Instructions for the task -> Copy out the full data exactly as given; pictures should not be included.

Data excerpt ->
====

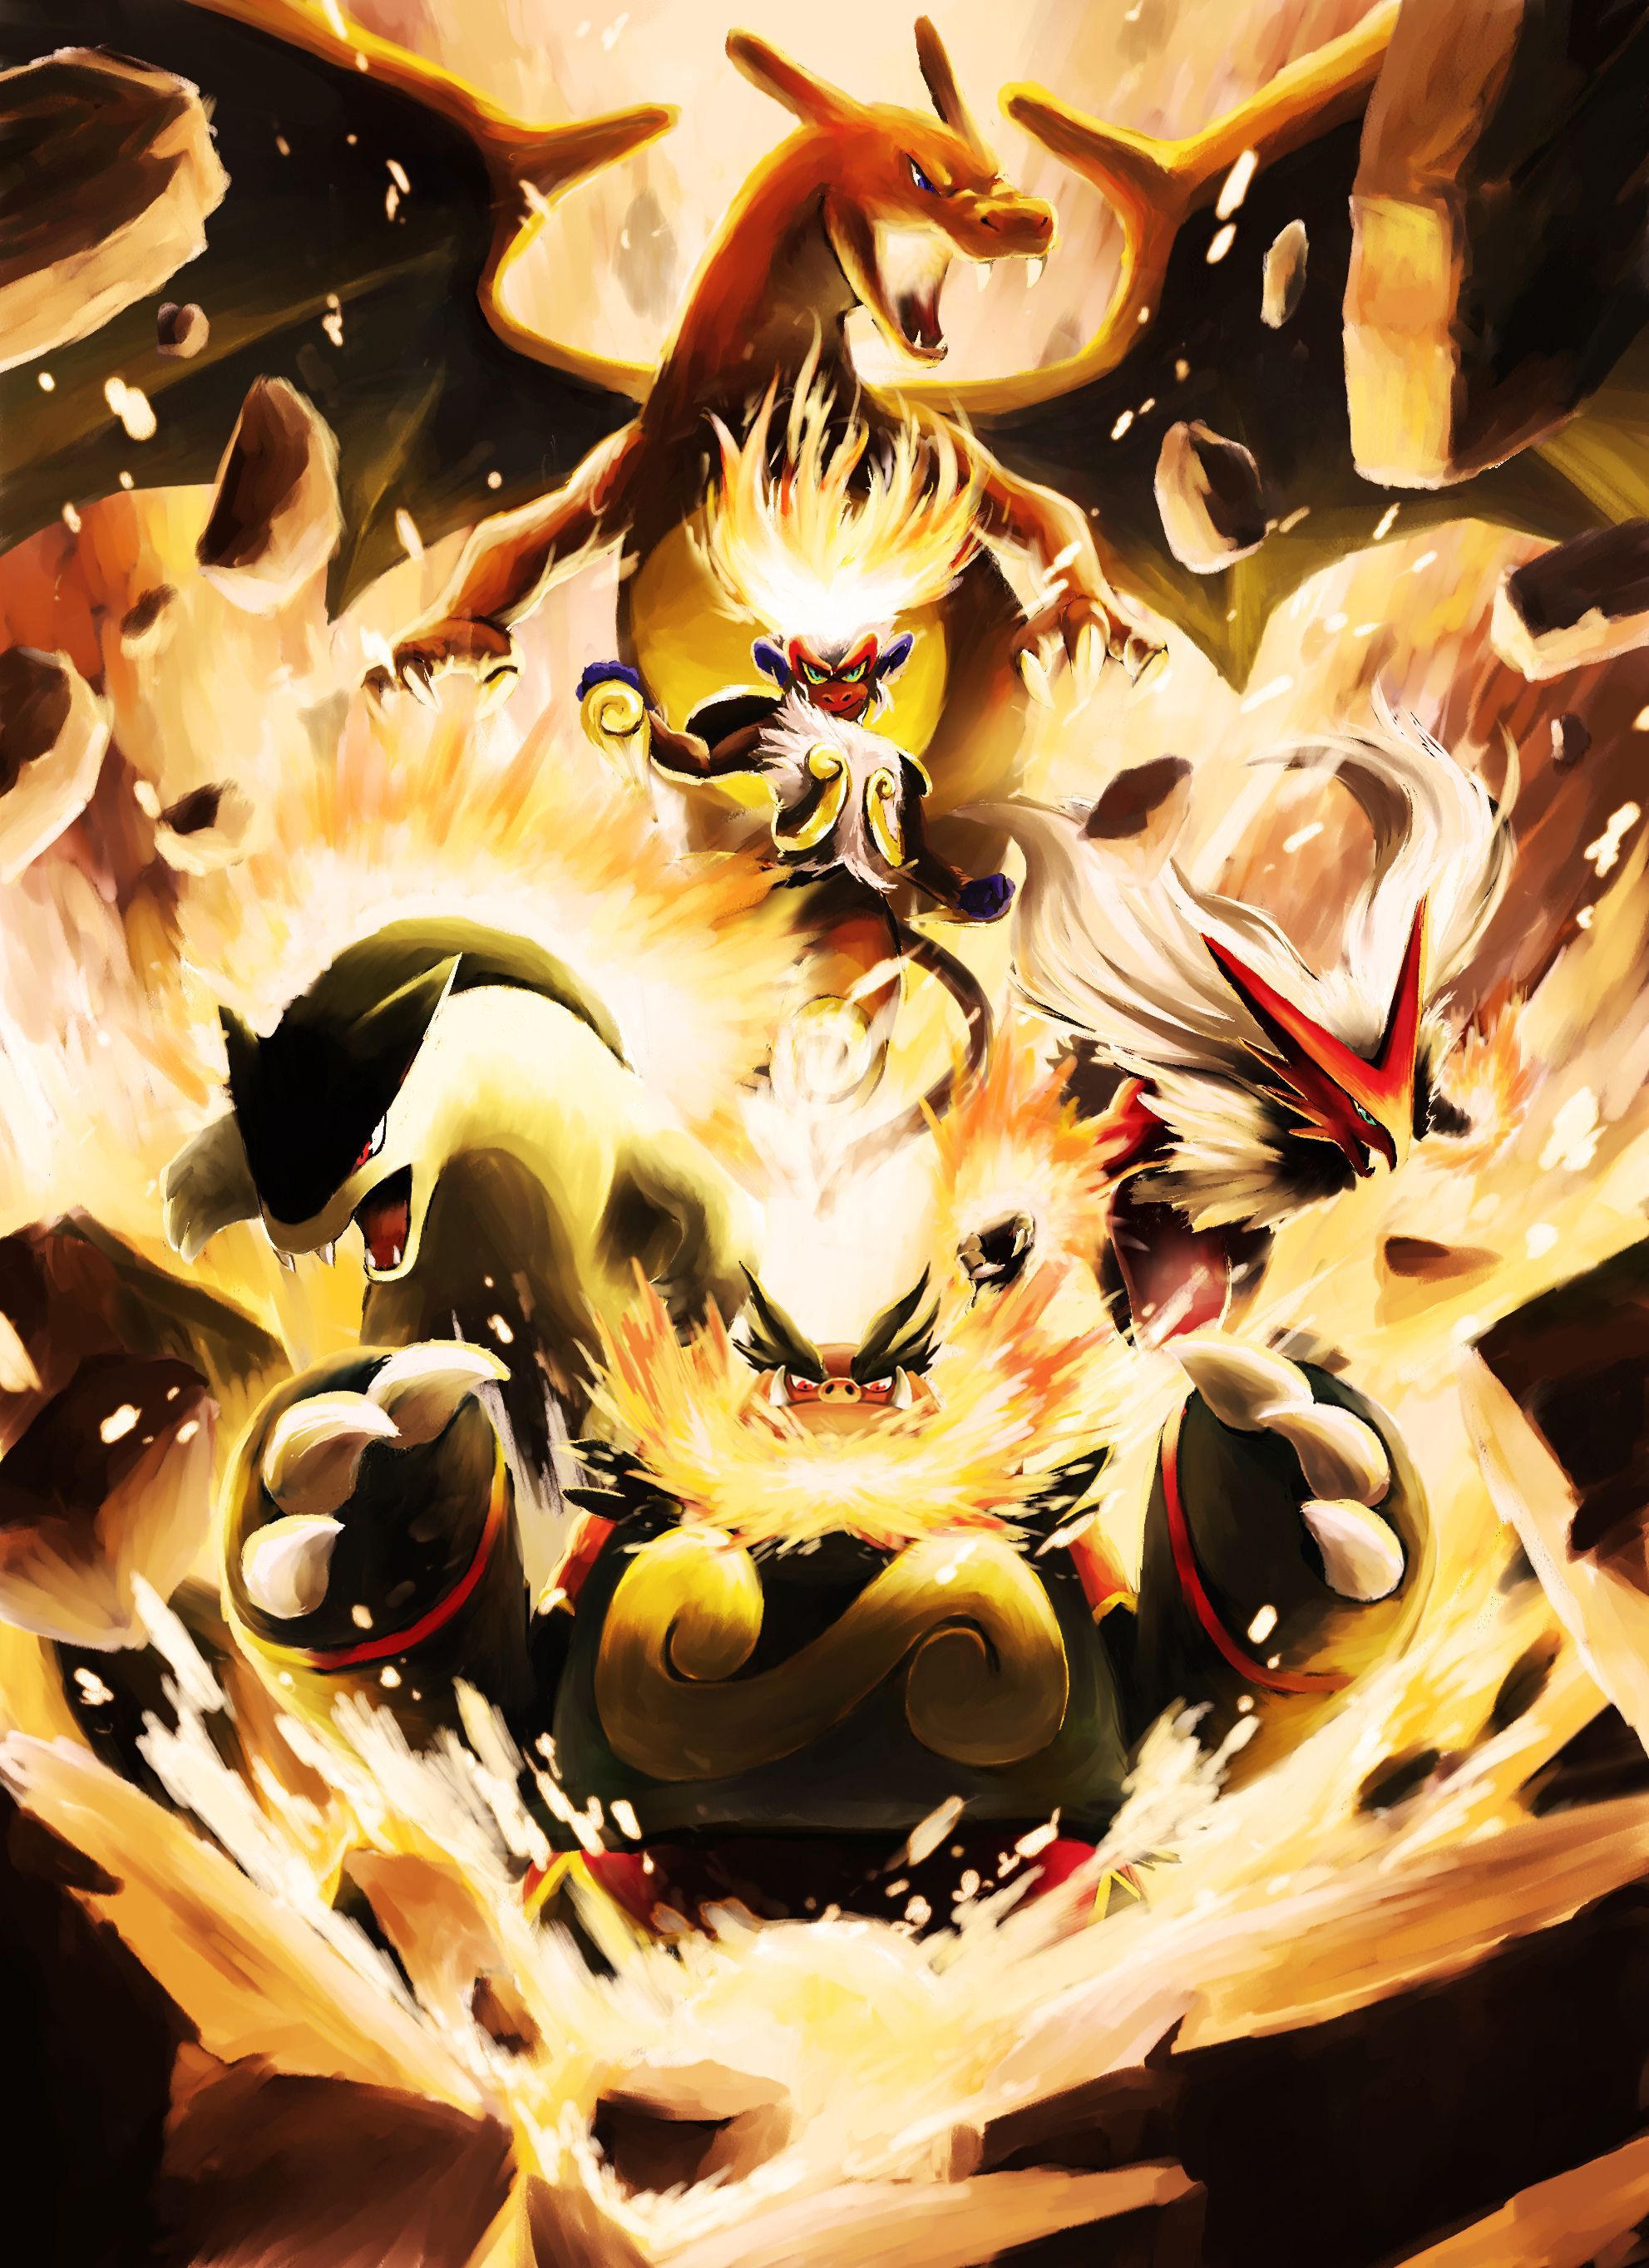 Fire Type Pokemon Starters. Pokemon, Fire Type Pokémon, Pokemon Starters
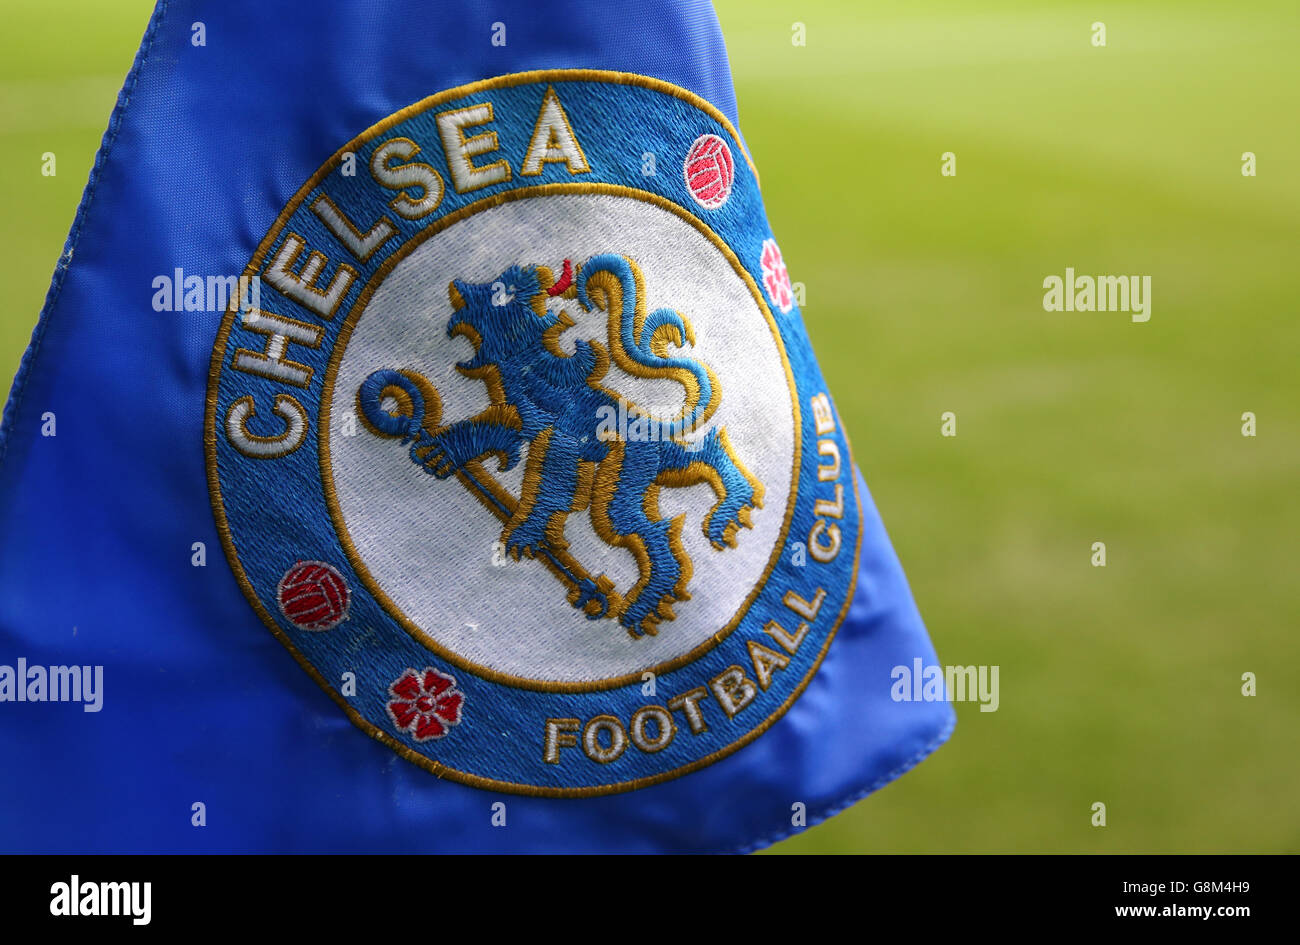 Chelsea V Manchester United - Barclays Premier League - Stamford Bridge Stockfoto
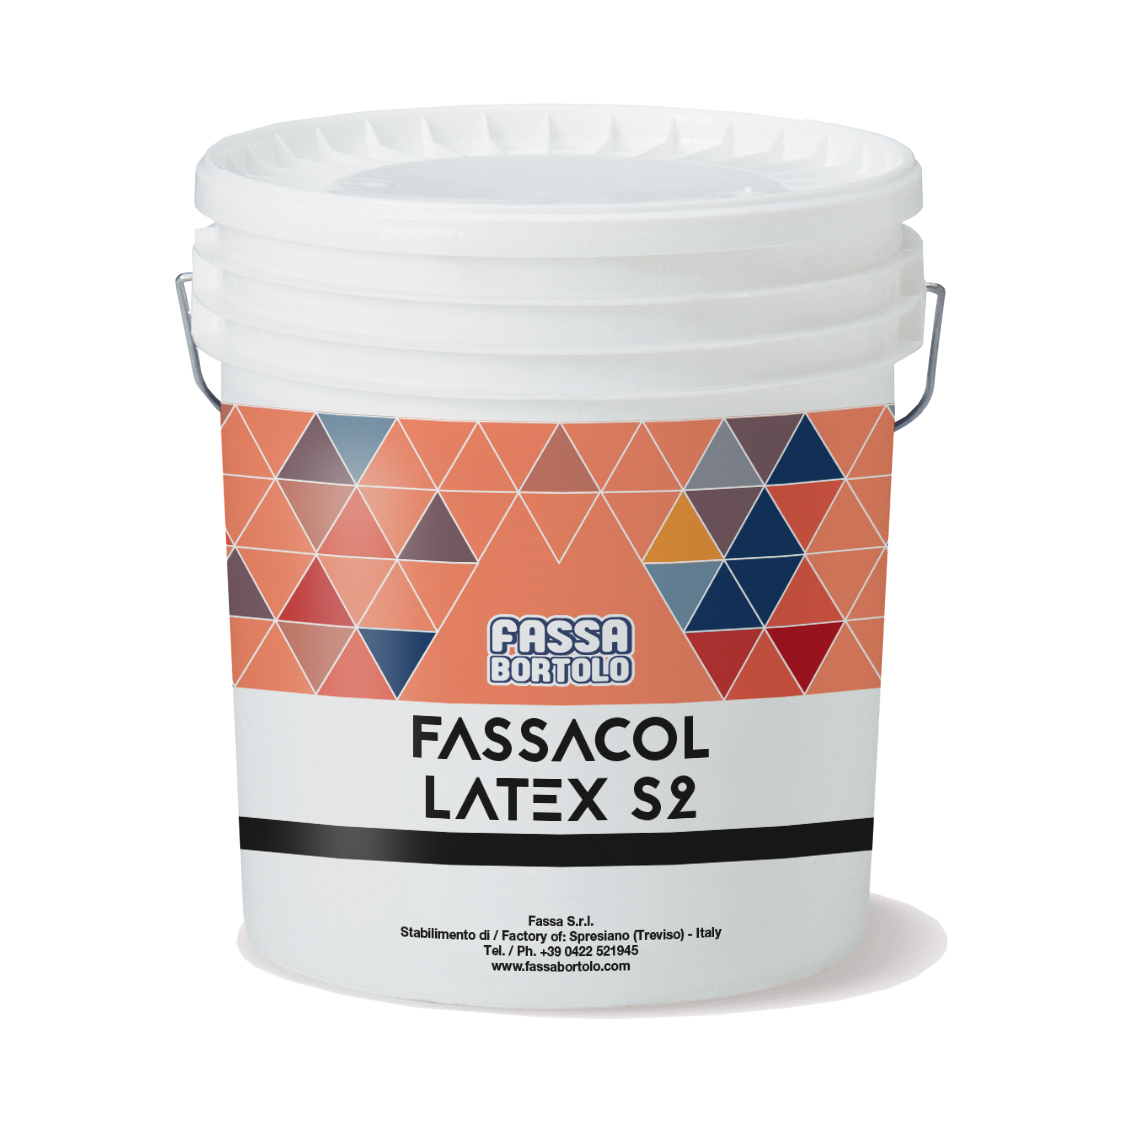 FASSACOL LATEX S2: Látex super-elástico para cimentos-cola

====

Solution below ->
 Fire Type Pokemon Starters. Pokemon, Fire Type Pokémon, Pokemon Starters
 Chelsea V Manchester United - Barclays Premier League - Stamford Bridge Stockfoto
 FASSACOL LATEX S2: Látex super-elástico para cimentos-cola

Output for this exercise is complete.